Healthy soup recipe for 6 adults, or 4 adults and 4 kids people, takes only 20 mins; recipe has butter, onion, cauliflower, potato, vegetable stock, milk and mature cheddar.

Cauliflower cheese soup

Cauliflower cheese soup

Recipe by Chef Soomro Course: Healthy soup
Servings

6 adults, or 4 adults and 4 kids

servings
Prep time

10 mins

Ingredients

  • Onion: 1 large onion, finely chopped
  • Vegetable Stock: 700ml vegetable stock (from a cube is fine)
  • Milk: 400ml milk
  • Butter: knob of butter
  • Potato: 1 potato, peeled and cut into chunks
  • Cauliflower: 1 large cauliflower (about 900g/2lb), leaves trimmed and cut into florets
  • Mature Cheddar: 100g mature cheddar, diced

Directions

  1. Heat the butter in a large saucepan.
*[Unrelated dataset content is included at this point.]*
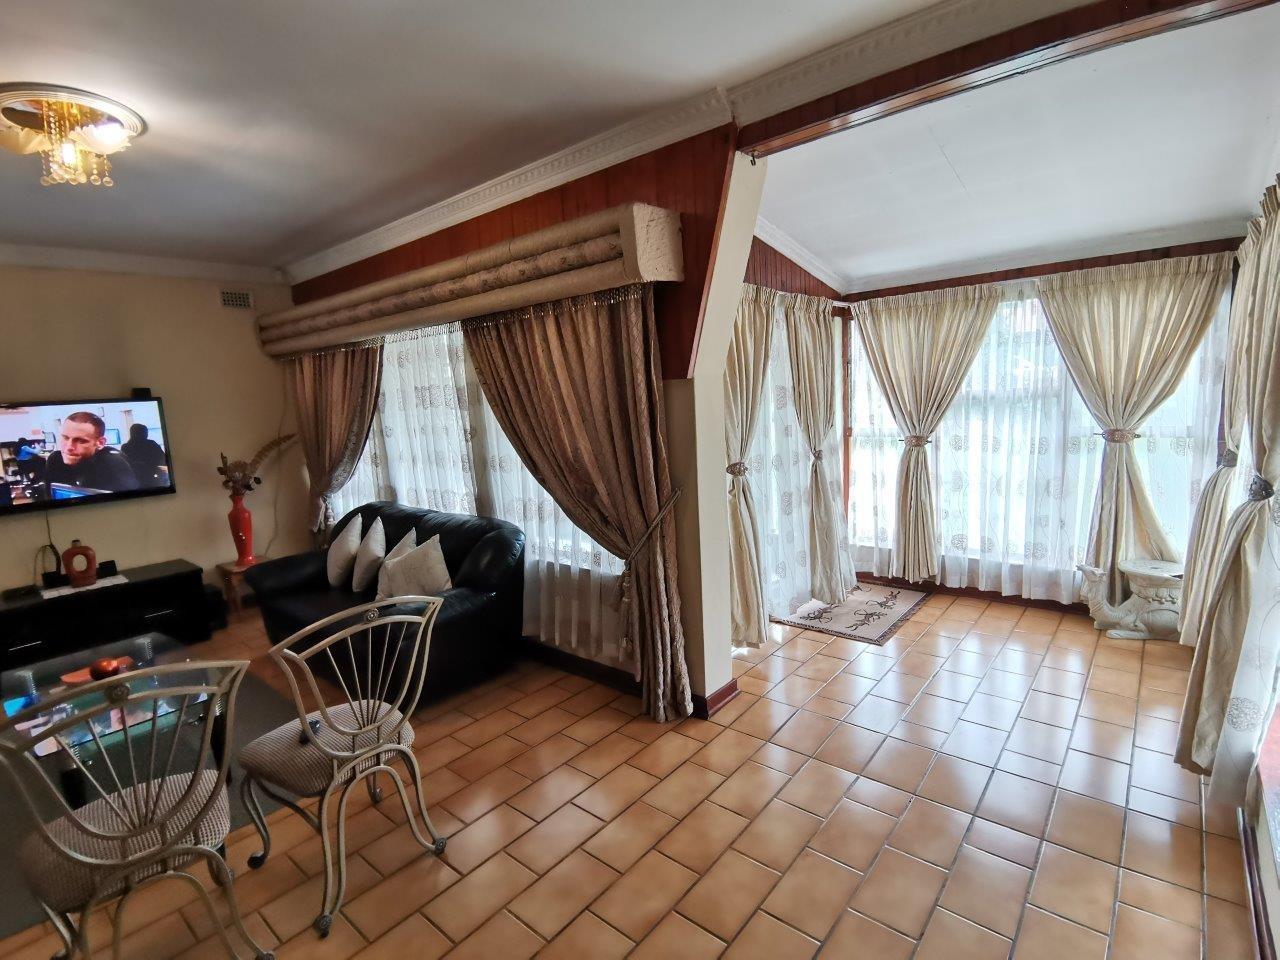 4 Bedroom House For Sale in Scottsville
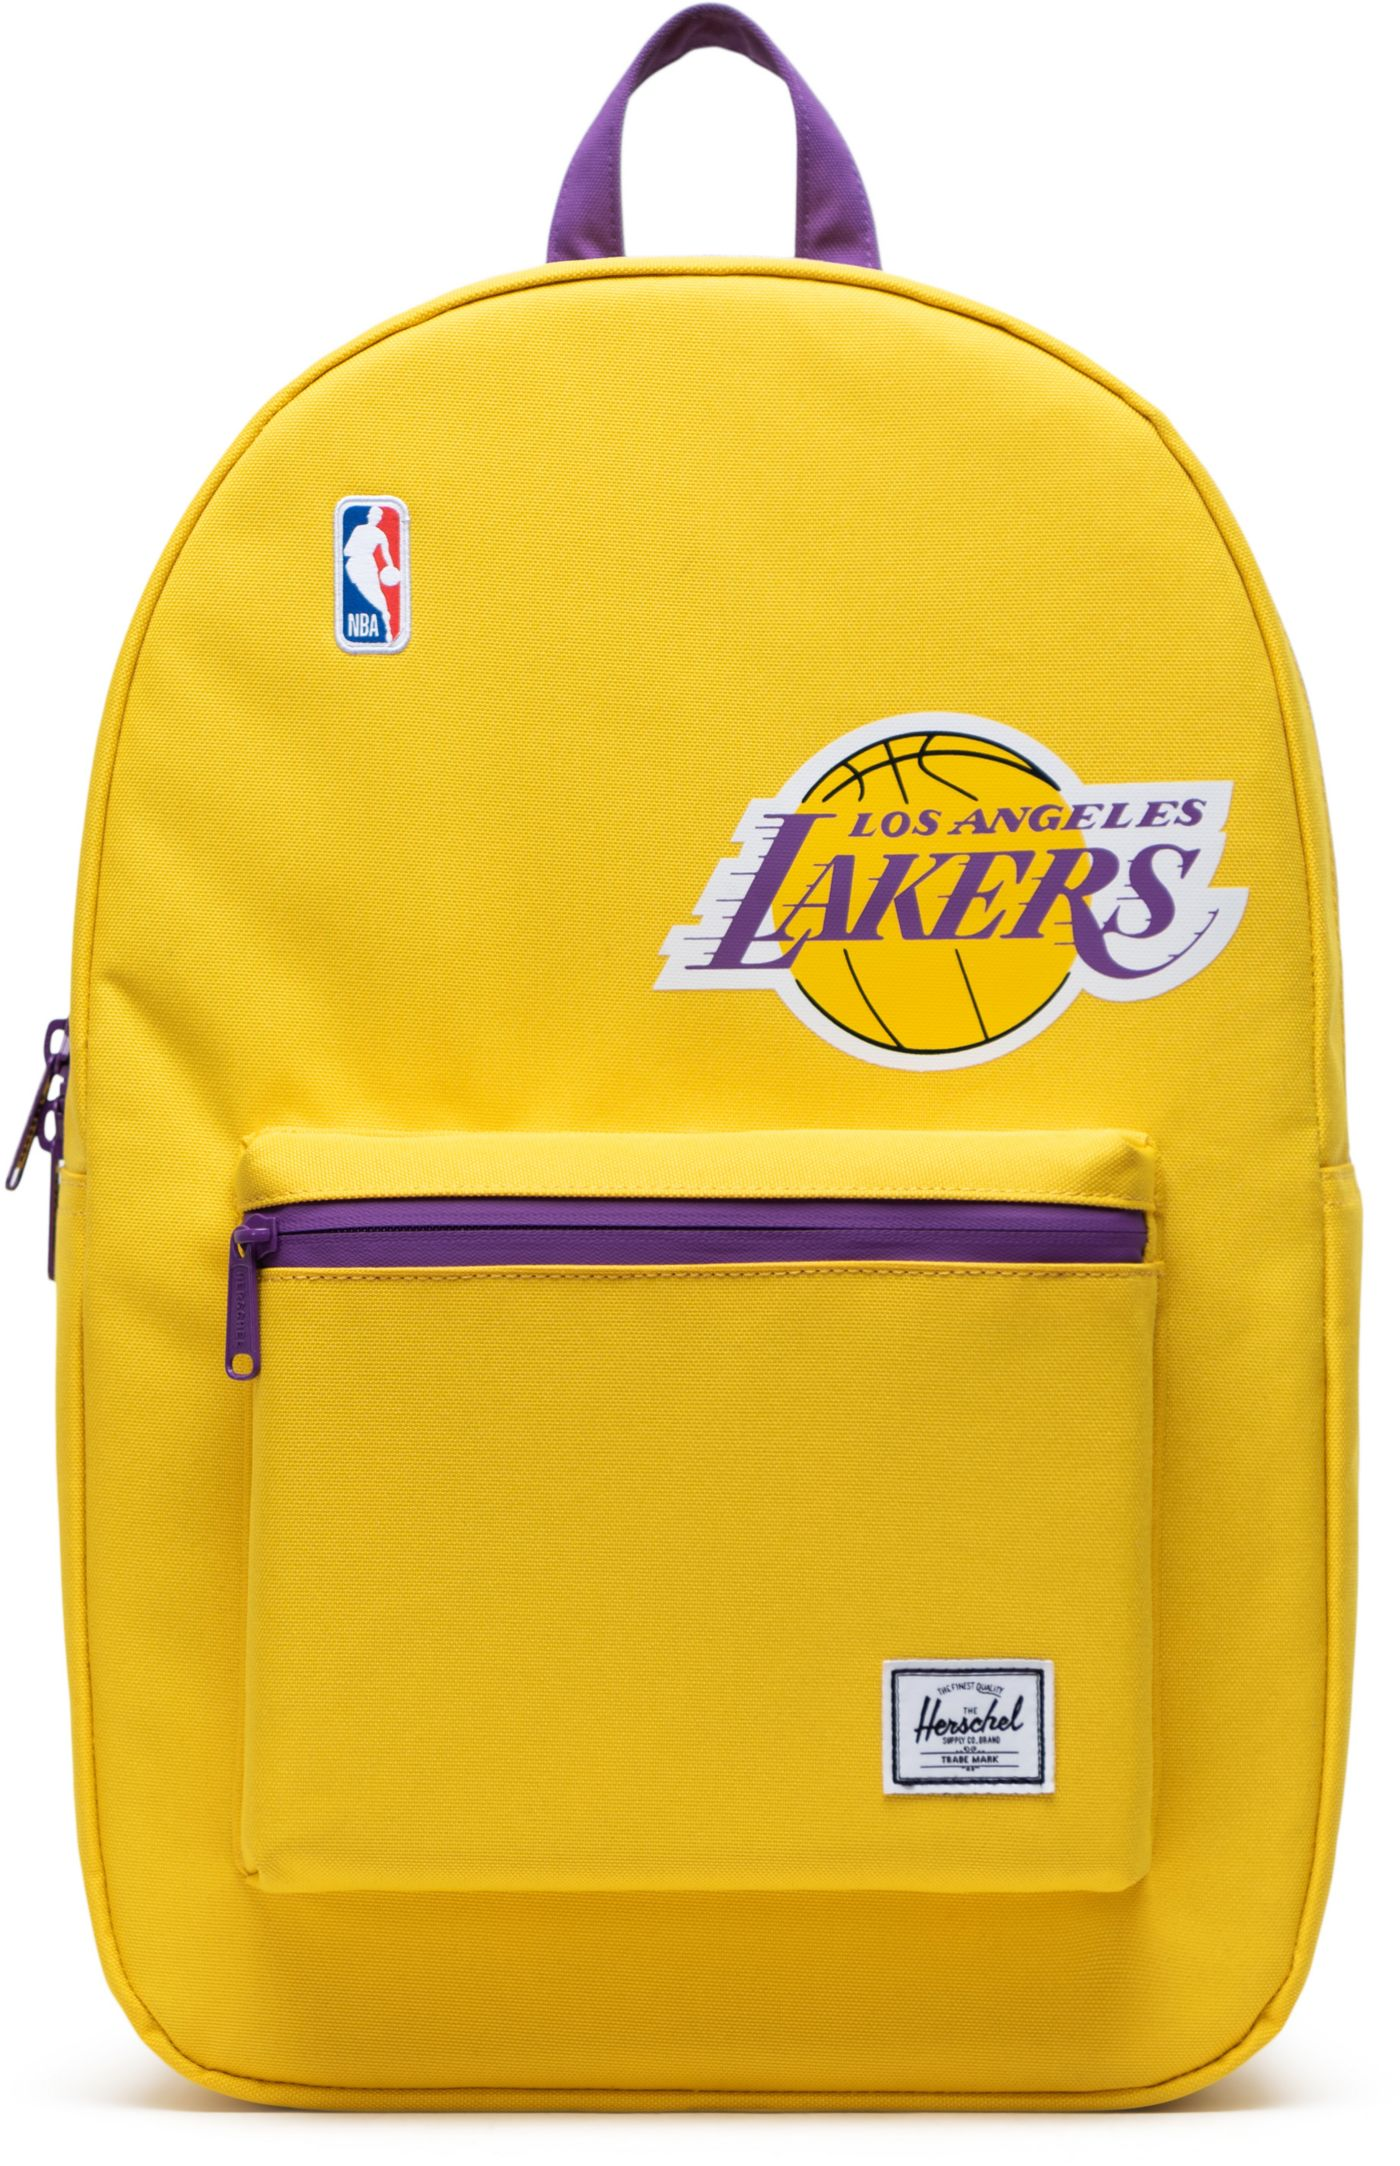 Herschel Los Angeles Lakers Gold Backpack

Tip in the onion and cook until softened, about 5 mins, stirring often. Add the cauliflower, potato, stock, milk and seasoning. Bring to the boil, then reduce the heat and leave to simmer for about 30 mins until the cauliflower is soft and the potato almost collapsing.
  2. Whizz in a food processor or crush with a potato masher until you get a creamy, thick soup. Top up with more milk to thin a little if serving in mugs. You can make ahead up to 2 days in advance, cool, cover and leave in the fridge until needed, or freeze for up to 1 month. When ready to serve, warm through, ladle into mugs or bowls, top with the cheese pieces, then stir through before eating.